*Entries supplied:*
* * *

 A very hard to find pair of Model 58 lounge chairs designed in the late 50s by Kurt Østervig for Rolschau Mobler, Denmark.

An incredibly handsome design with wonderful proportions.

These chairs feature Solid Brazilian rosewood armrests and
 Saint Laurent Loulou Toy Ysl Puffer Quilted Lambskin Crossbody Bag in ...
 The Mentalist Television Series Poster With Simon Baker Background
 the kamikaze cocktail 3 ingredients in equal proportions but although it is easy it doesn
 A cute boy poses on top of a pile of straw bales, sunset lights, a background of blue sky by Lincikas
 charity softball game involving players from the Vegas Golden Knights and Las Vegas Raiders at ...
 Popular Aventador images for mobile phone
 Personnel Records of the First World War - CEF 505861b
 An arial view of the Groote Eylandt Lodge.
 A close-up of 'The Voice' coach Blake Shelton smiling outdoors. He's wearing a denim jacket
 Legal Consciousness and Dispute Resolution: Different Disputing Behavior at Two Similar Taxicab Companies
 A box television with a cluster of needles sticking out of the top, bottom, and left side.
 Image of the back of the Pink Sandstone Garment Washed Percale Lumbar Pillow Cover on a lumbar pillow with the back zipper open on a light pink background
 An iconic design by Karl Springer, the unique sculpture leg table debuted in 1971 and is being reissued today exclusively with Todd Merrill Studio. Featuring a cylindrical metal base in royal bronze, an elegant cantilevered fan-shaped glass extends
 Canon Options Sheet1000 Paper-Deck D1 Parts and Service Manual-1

* * *

*Problem requirements:* Work out how many lines in the material above include the word "proportions", and write down that number alone.

*Exercise output:* 2